Likya Kaya Mezarları
Ülke tanıtımında da sıklıkla kullanılan Likya Kaya Mezarları, Kaunos Antik Kenti’nde yaşayan halk tarafından oluşturulmuş. İster denizden isterseniz de karadan ulaşabileceğiniz mezarların en eskisi M.Ö. 4. yüzyılın 2. çeyreğine tarihlendirilmiş. Aşağısındaki suya yansıyan görüntüleriyle fotoğraf çekmeyi sevenlere eşsiz manzaralar sunan kaya mezarları, yabancı toplulukların akınları sonucu yarım kalan büyük mezarla birlikte toplam 6 gruptan oluşuyor.
Sülüngür Gölü
Ziyaret için en uygun döneminin nisan-ekim ayları arası olduğu Sülüngür Gölü, Köyceğiz Gölü’nü Akdeniz’e bağlayan Köyceğiz–
Dalyan Lagün Sistemi’nin bir parçasını oluşturuyor. Kıyısının bir bölümü çam ormanlarıyla kaplı gölde balık kooperatifi tarafından çipura ve levrek yetiştirildiği için çevresinde konaklamaya izin verilmiyor. Ancak uzunluğu 2 kilometreyi, genişliğiyse 1,5 kilometreyi bulan Sülüngür’ün tuzlu suyunda yüzerek serinleyebilirsiniz.

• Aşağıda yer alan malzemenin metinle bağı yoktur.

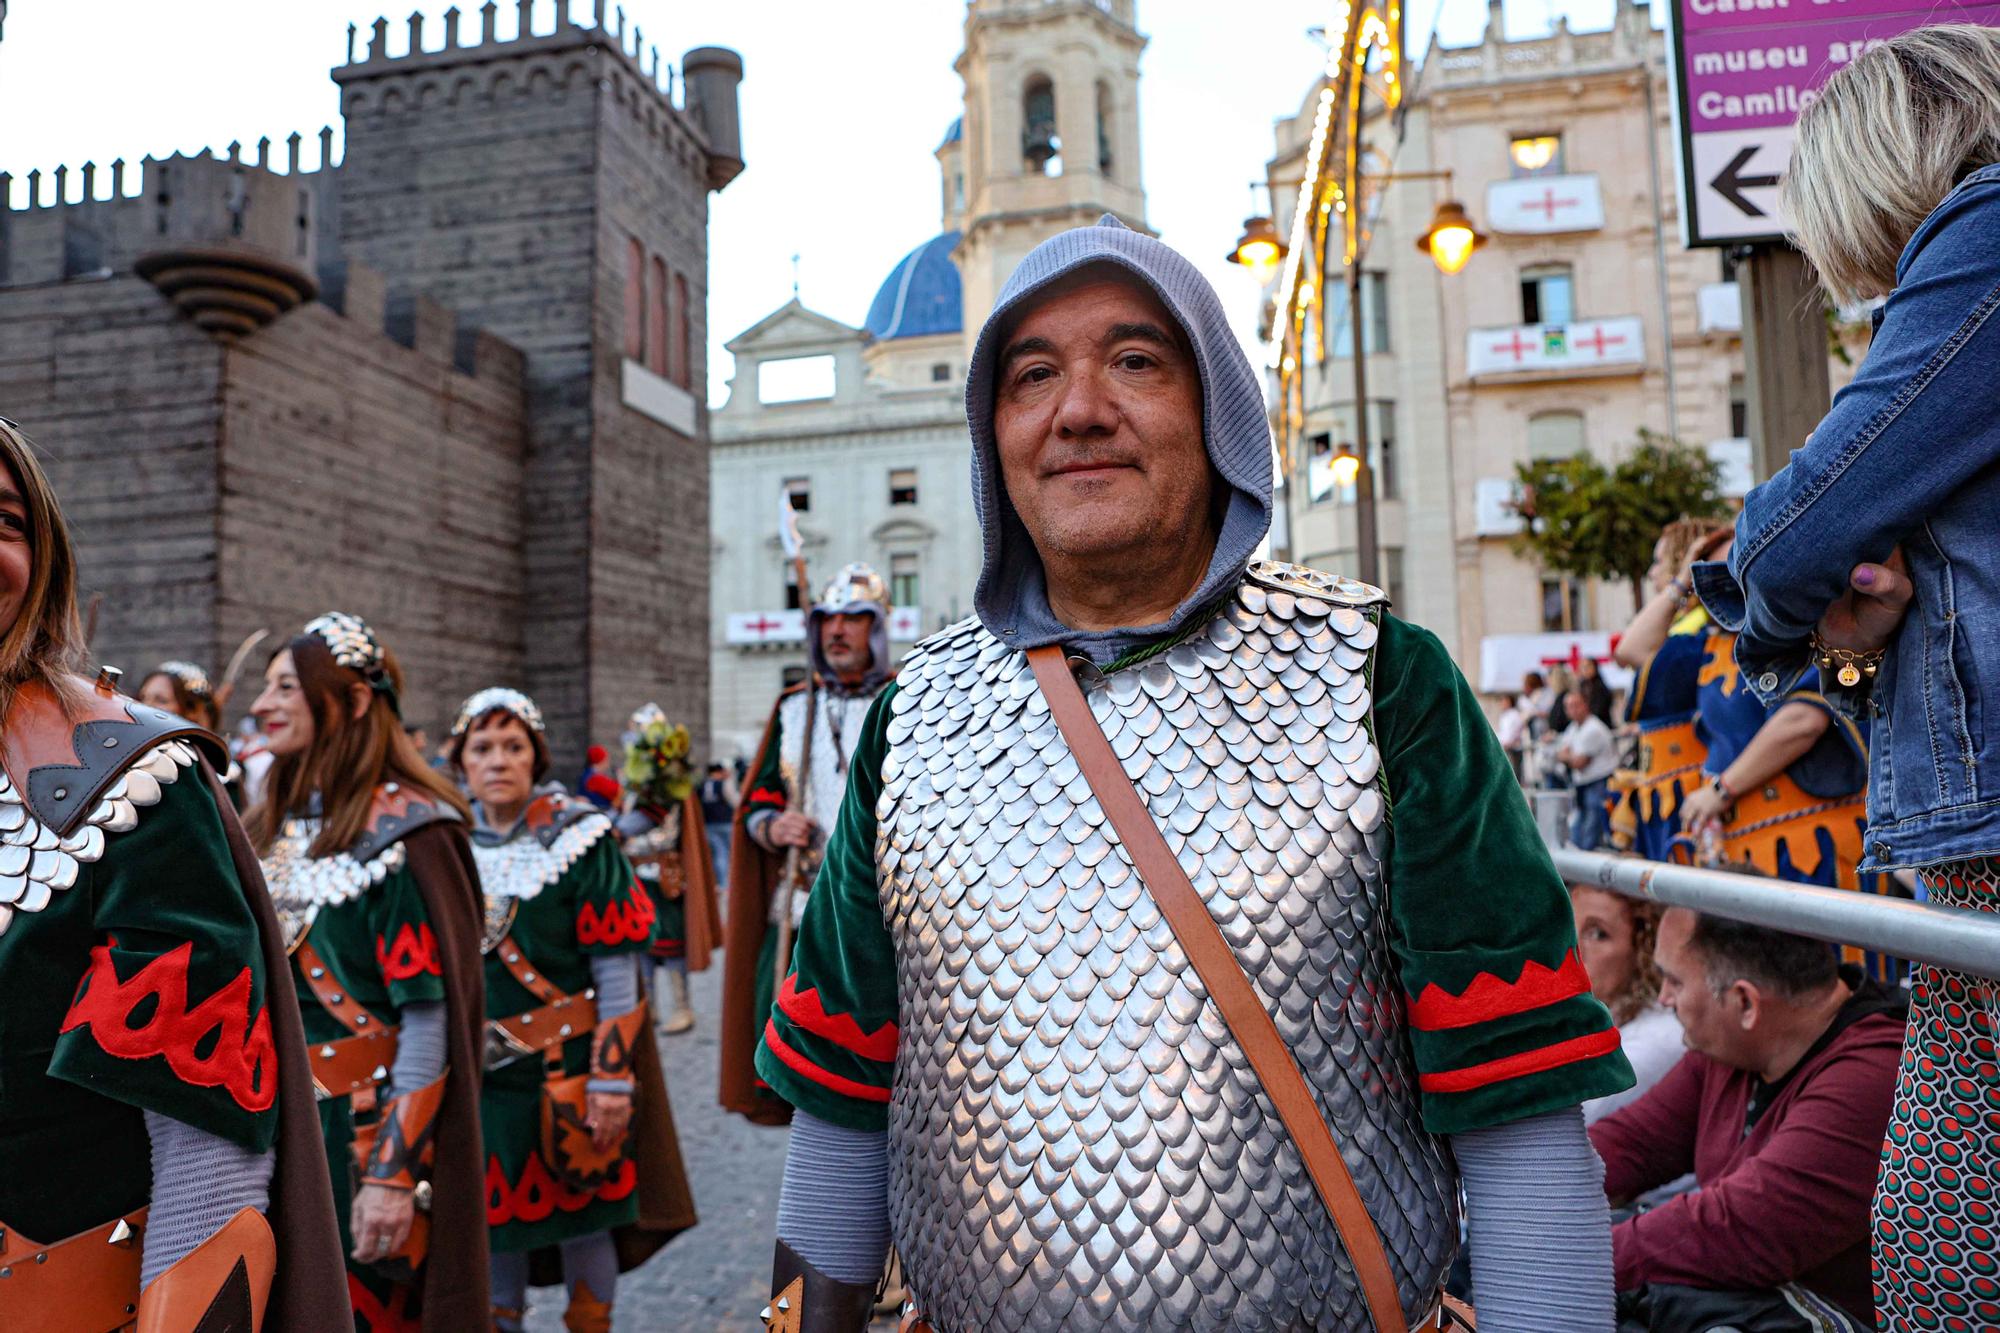 La solemne procesión marca el ecuador de la Trilogía en Alcoy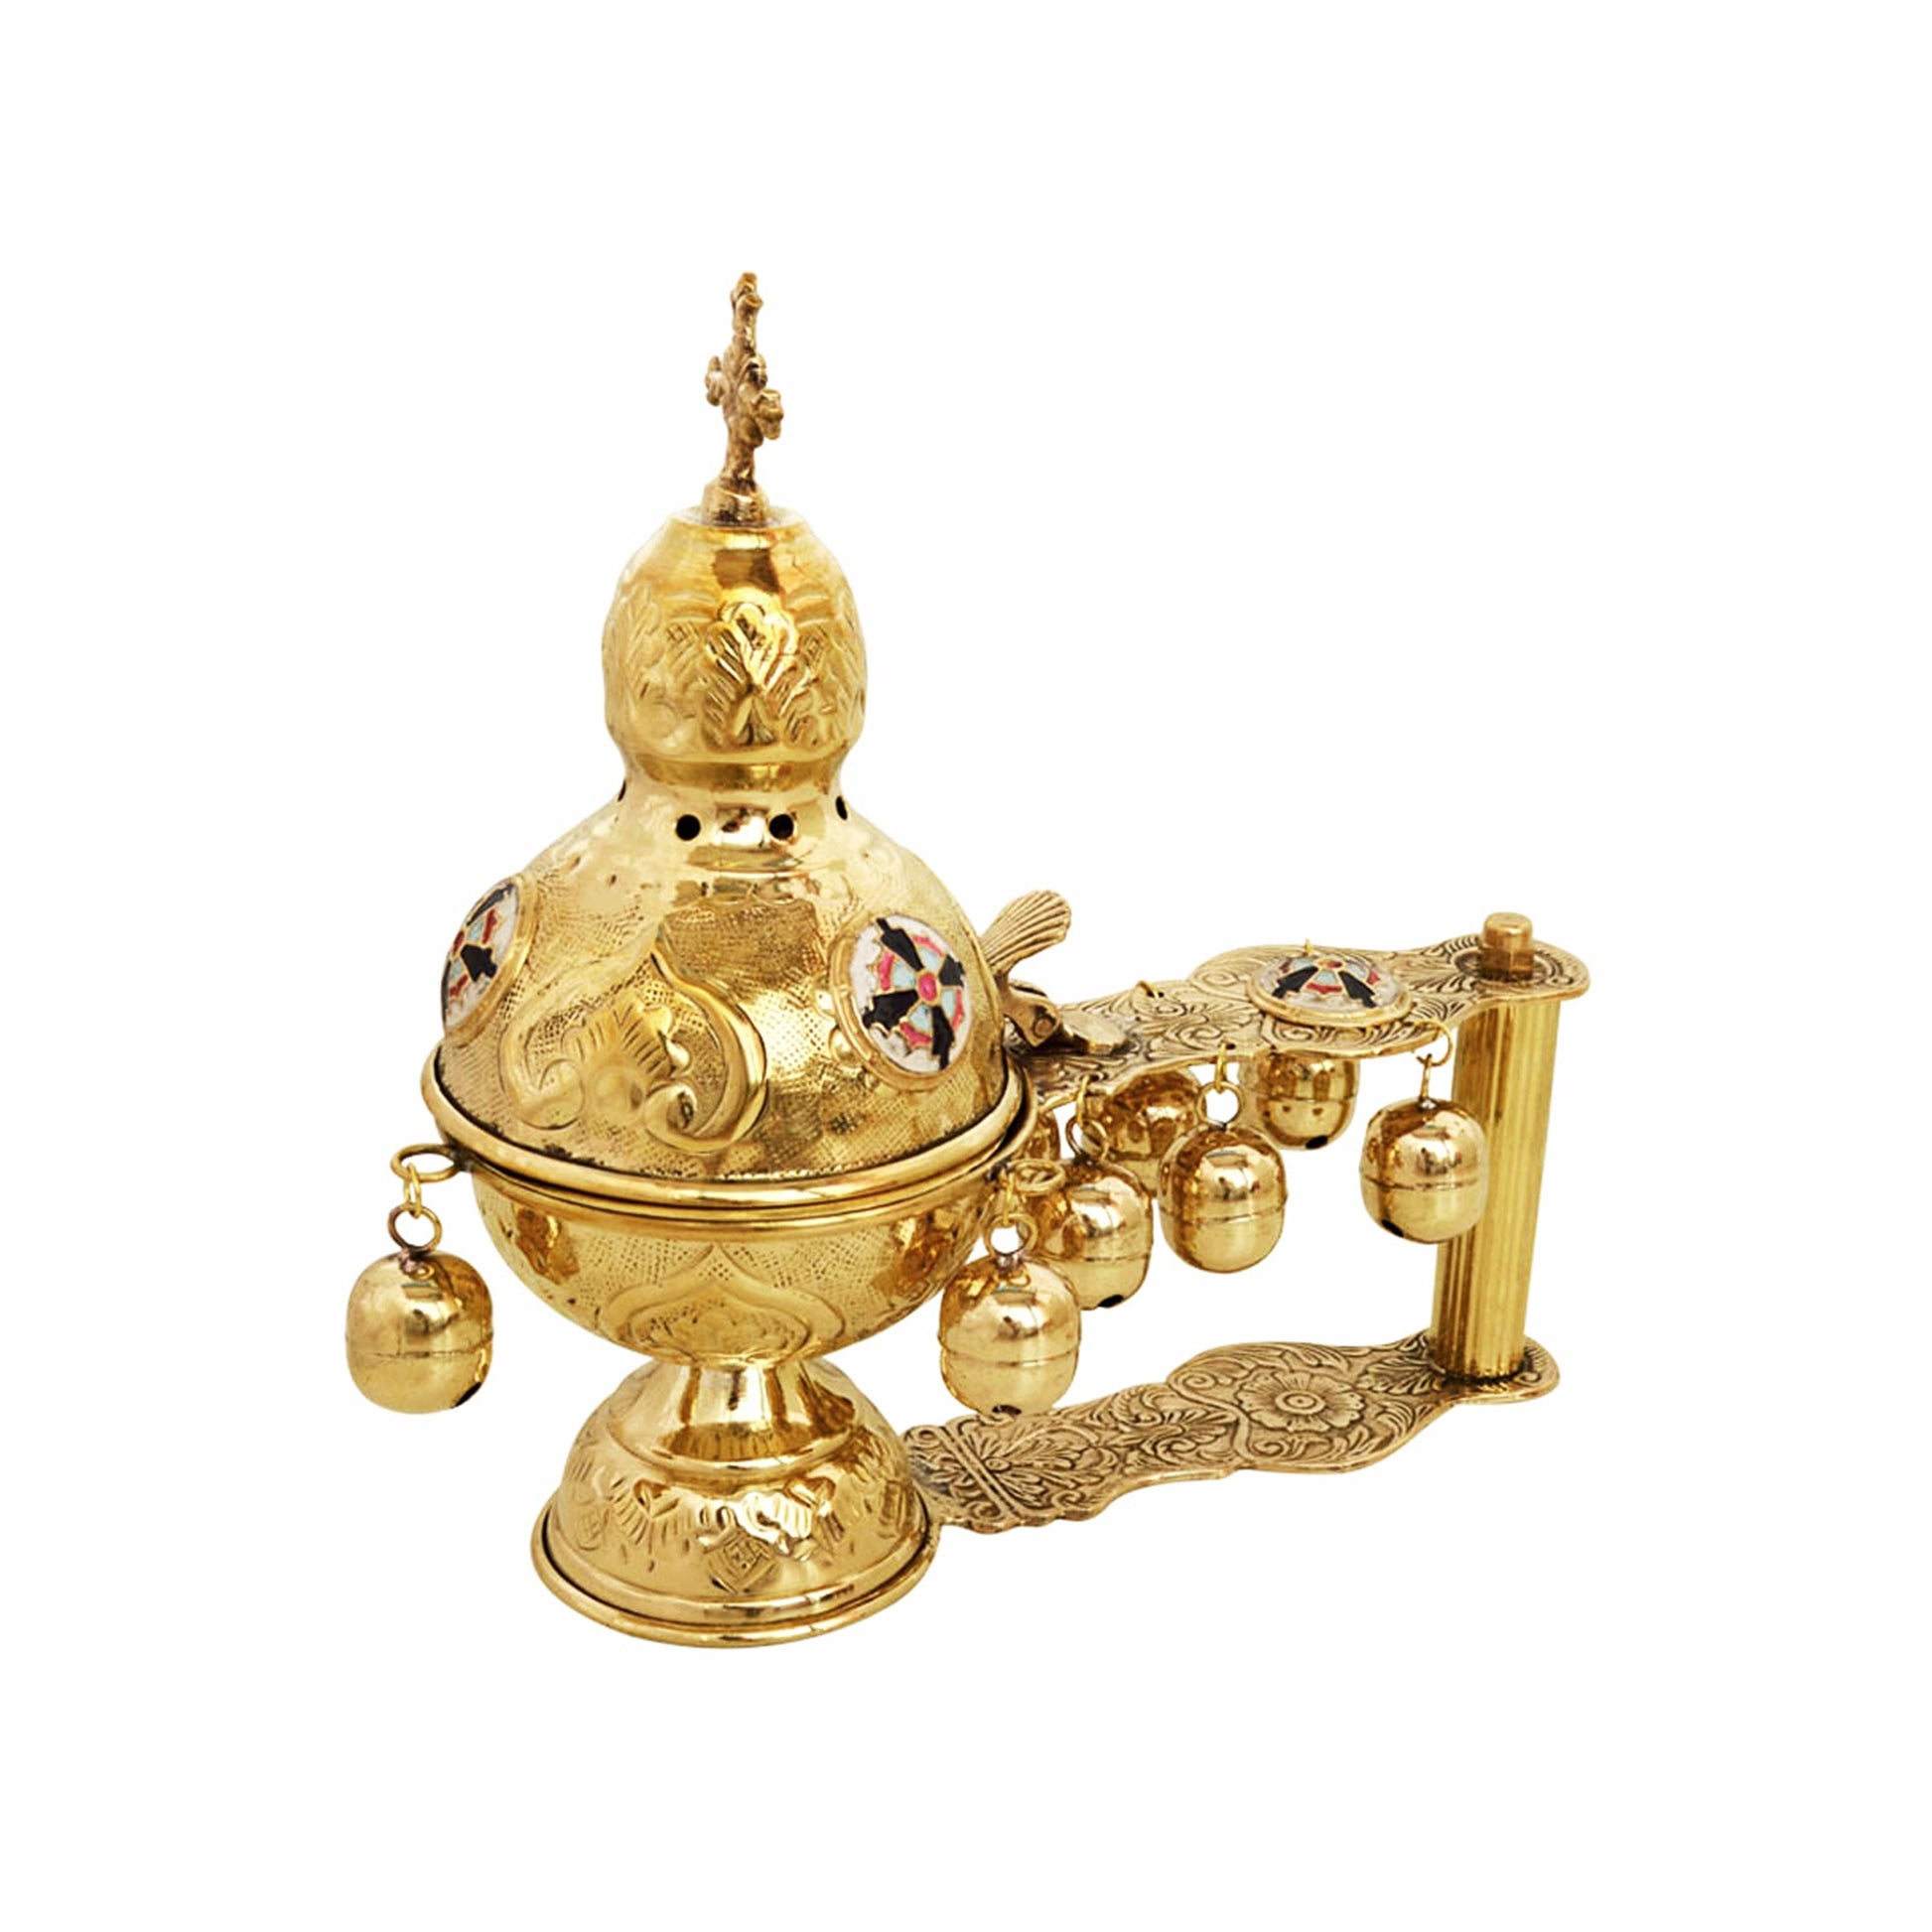 Christian Hand Gold plated Brass Resin Incense Burner Kantzia Greek Orthodox Thurible Incense holder Byzantine Censer Perfume burner gift TheHolyArt

Tipik bir Ege köyü havasındaki mahallede her cumartesi kurulan pazarı, hem yöresel eşyaları hem de bölgenin verimli arazilerinde yetişen tarım ürünlerini satın almak için
Dalyan gezilecek yerler listenize ekleyebilirsiniz. Bölgenin güler yüzlü, dost canlısı insanının
Dalyan Pazarı’na getirdiği ürünler, çeşitlilikleri nedeniyle neredeyse her zevke hitap ediyor. Rengârenk tezgâhlarının arasında dolaşırken fotoğraf çekecek ideal kareleri kolayca yakalayabileceğiniz pazarda karnınız acıkırsa köylü kadınlar tarafından yeni yapılmış bir gözlemeyle karnınızı doyurmanızı tavsiye ederim.
Ekincik Koyu
Caretta Caretta’ların yumurtladığı alanlardan birisi olan Ekincik Koyu, doğallığını koruyan eşsiz güzellikleri sayesinde hem karadan hem de denizden gelen pek çok tatilciye hayatlarında unutamayacakları anlar yaşatıyor. Günübirlik denize girmenin yanı sıra tesisleri sayesinde konaklama için de tercih edebileceğiniz koydan hareket eden teknelerle çamur banyosu yapabileceğiniz Sultaniye, Delibey, Gelgirme gibi kaplıcalara ulaşabilirsiniz. Sakinliği ile ön plana çıkan koyda ayrıca yemek yiyebileceğiniz çok güzel restoranlar da faaliyet gösteriyor.
Bacardi Koyu
Yerel halk tarafından “Kara Salih”, resmi olaraksa “Kargıcak” olarak adlandırılan Bacardi Koyu, Dalyan’da rahatsız edilmeden denize girip; güneşlenebileceğiniz bakir yerlerden bir tanesi. Araçların geçebileceği bir yolu olmadığı için sadece yaya ulaşabileceğiniz koy, neredeyse çakıl büyüklüğünde kumla kaplı 200 metrelik sahile sahip. İztuzu Plajı’nın solunda kalan koyun denizi ise kimi zaman hırçın olabiliyor.
Aşı Koyu
Dalyan’a 20, Sarıgerme’ye ise 14 kilometre uzaklıktaki Aşı Koyu, büyük şehrin gürültüsünden uzaklaşmak ve kafa dinlemek isteyenler için ideal ortama sahip bir yer. Patikalardan yürüyerek ulaşabileceğiniz koy, el değmemiş doğası nedeniyle deneyimli gezginlerin uğrak yeri konumunda. Eğer dalış yapmayı seviyorsanız, koyun zengin su altı çeşitliliğini rahatsız edilmeden deneyimleyebilirsiniz.
Sultaniye Kaplıcaları
Köyceğiz Gölü´nün güney batısında Ölemez Dağı´nın eteklerinde yer alan Sultaniye Kaplıcaları´nın tarihi günümüzden binlerce yıl öncesine dayanır.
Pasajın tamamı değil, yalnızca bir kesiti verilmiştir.